No sooner had the new “reformed” court handed down its first ruling Monday, June 3, when it was overruled by the Palestinian cabinet on Arafat’s orders.
So much for an independent judiciary. It showed Tenet, if he did not know already, that all the ‘reformed” Palestinian institutions, whether the courts, a security force streamlined from twelve organs – all heavily engaged in terror – to four, or a government whittled down from 32 ministers to 19 or 20, would come out of the overhaul unchanged; Arafat, like all totalitarian rulers, may pay lip service to the trappings of democracy, but he will never loosen his grip on authority or allow anyone to hire or fire appointees in his regime.
The Palestinian pretext for reversing the court ruling was “Israel threats” on Saadat’s life.
According to debkafile‘s intelligence sources, this Palestinian hardliner has more than one reason for not venturing out of the golden cage in which the six wanted men are confined in Jericho. Clearly, he would prefer not to be nabbed by Israeli forces, but he is just as leery of his erstwhile protector, Yasser Arafat. The PFLP leader, locked up in Arafat’s private quarters in Ramallah for 34 days, has become the repository of too many secrets for his colleague’s comfort, such as the ways in which Arafat instigates terror and the exact nature of his ties with Tehran, Damascus, Baghdad and Beirut. Sharon knows he can count on Saadat not being tempted by the opened door to walk free of his safe berth just yet.
As to Arafat’s daily announcements of plans to reform his ruling system, Tenet has been bitten by the Palestinian leader before.
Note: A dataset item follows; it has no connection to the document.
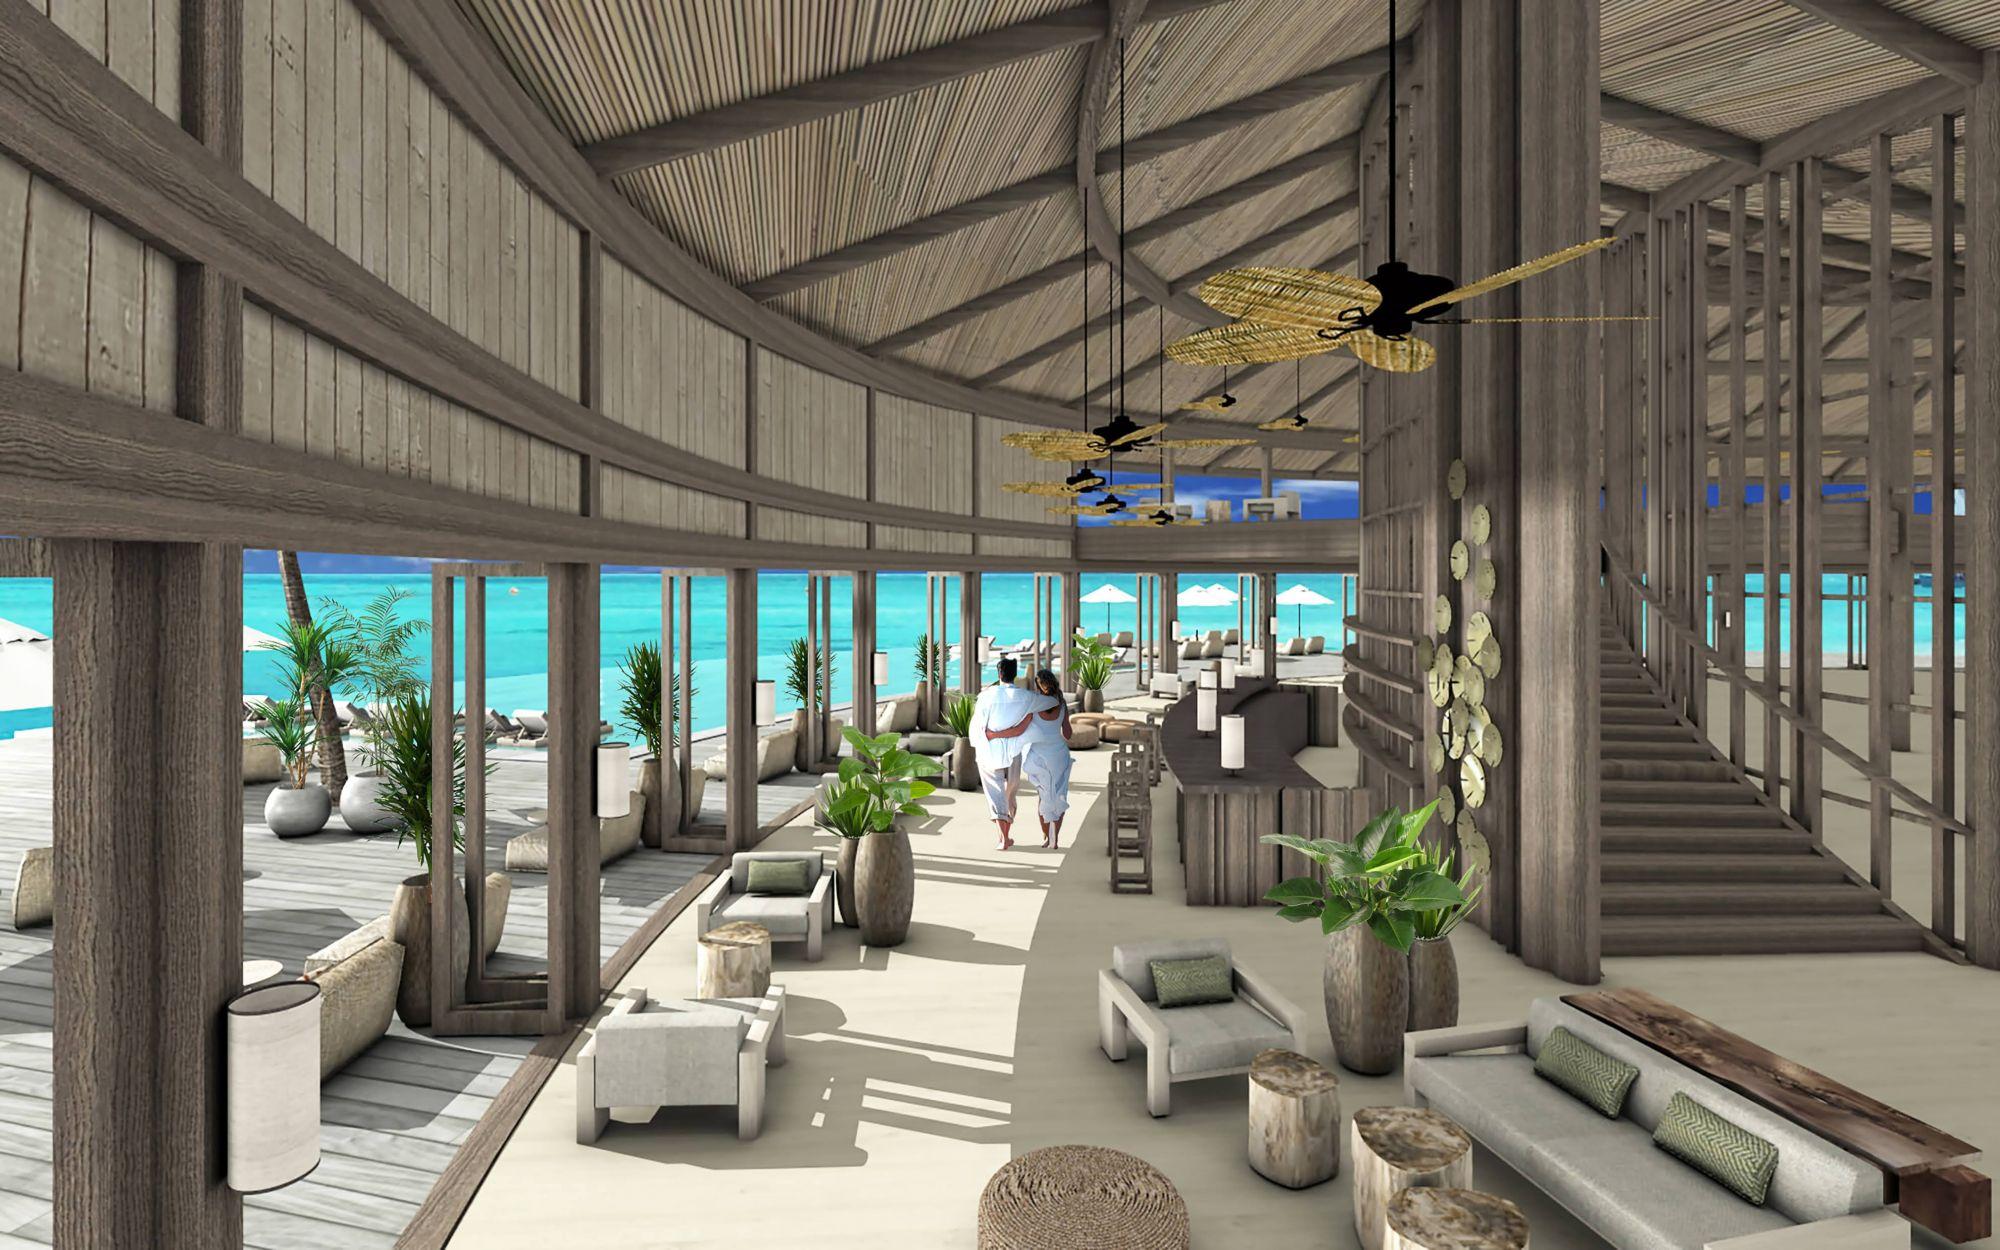 馬爾地夫五星級 Kagi Maldives Spa Island 奢華度假村的的水療中心 Baani Spa 採360度環狀設計。
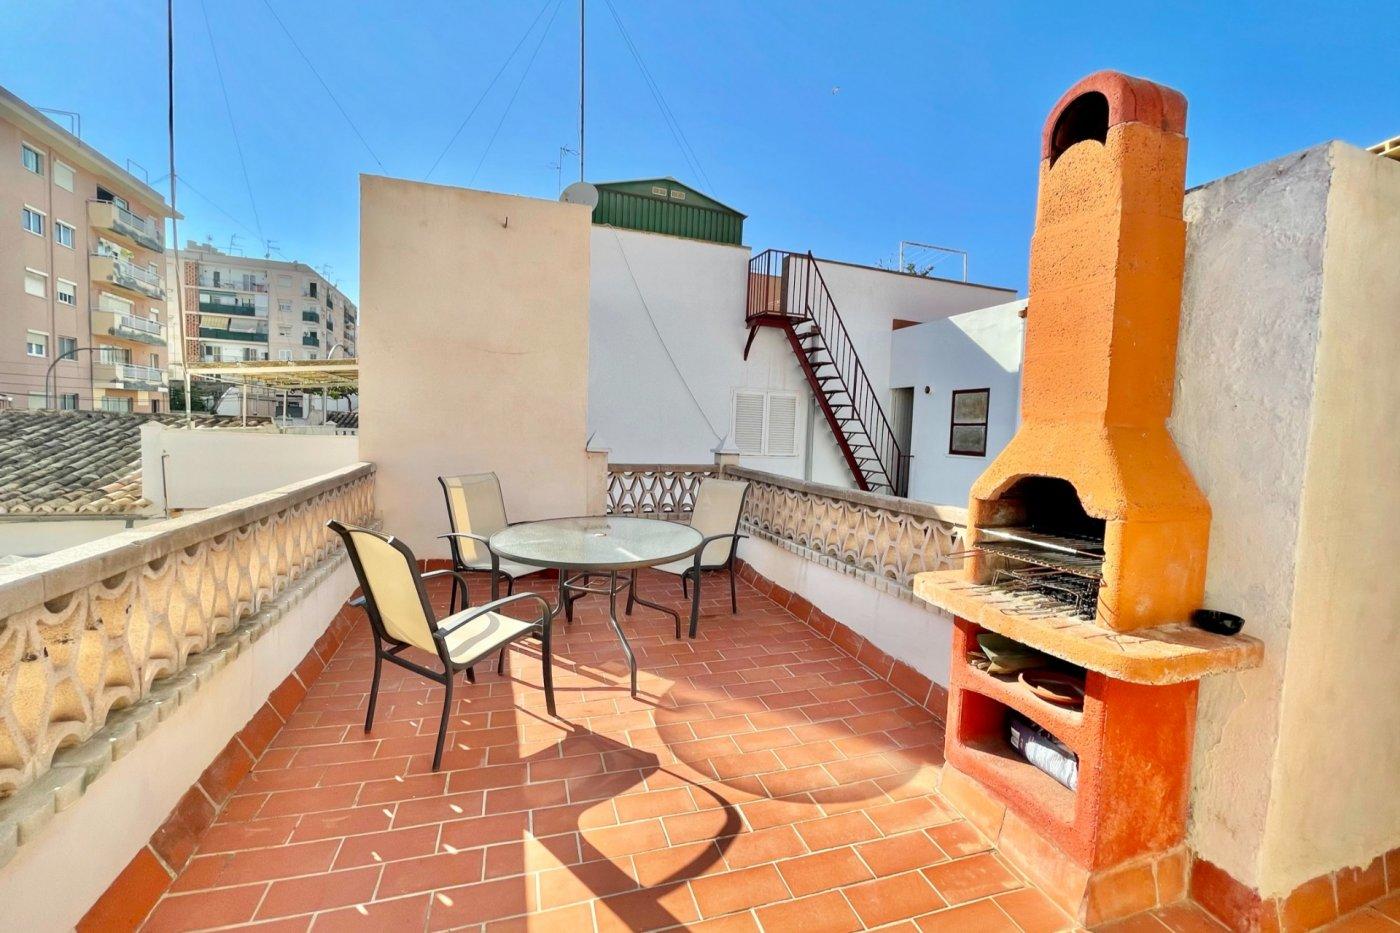 Piso amueblado de 57 m² de superficie con balcón, terraza y barbacoa en la zona de son cot - imagenInmueble13

Almost two years ago, Arafat reneged on a solemn promise he gave the CIA chief and President Clinton at Sharm al-Sheikh to renounce terror in public and in Arabic, and to cooperate in the activation of a security coordinating system.
A year ago, another Arafat pledge to abide by a ceasefire Tenet himself arranged hurriedly, after a Palestinian suicide bomber killed 21 teenagers in a Tel Aviv discotheque, was broken almost as soon as it was made. In between the two, stretches a long string of double-dealing by Arafat with the CIA director.
debkafile‘s military sources say this time will be no different. After a brief slowdown in the Palestinian terror assault, the flames are expected to rise high again as soon as all three US officials shuttling through the Middle East, the State Department’s William Burns, the Pentagon’s Douglas Feith and Tenet, have gone home tomake their reports to the White House’s top team. They will be in time to prepare Egyptian president Hosni Mubarak’s weekend talks with president George W. Bush, after which Israel’s Ariel Sharon arrives in Washington next Monday, June 10. Next week may also see Syrian foreign minister Farouk Shara in the US capital.
All this week, Syrian, Saudi, and Egyptian officials have been to-ing and fro-ing between their capitals, putting their heads together on the next phase of the Middle East crisis: Bush expects to spend a busy week consulting with his visitors on where to go next, even though the clouds of war gather over the equally intractable Indian-Pakistani dispute over Kashmir.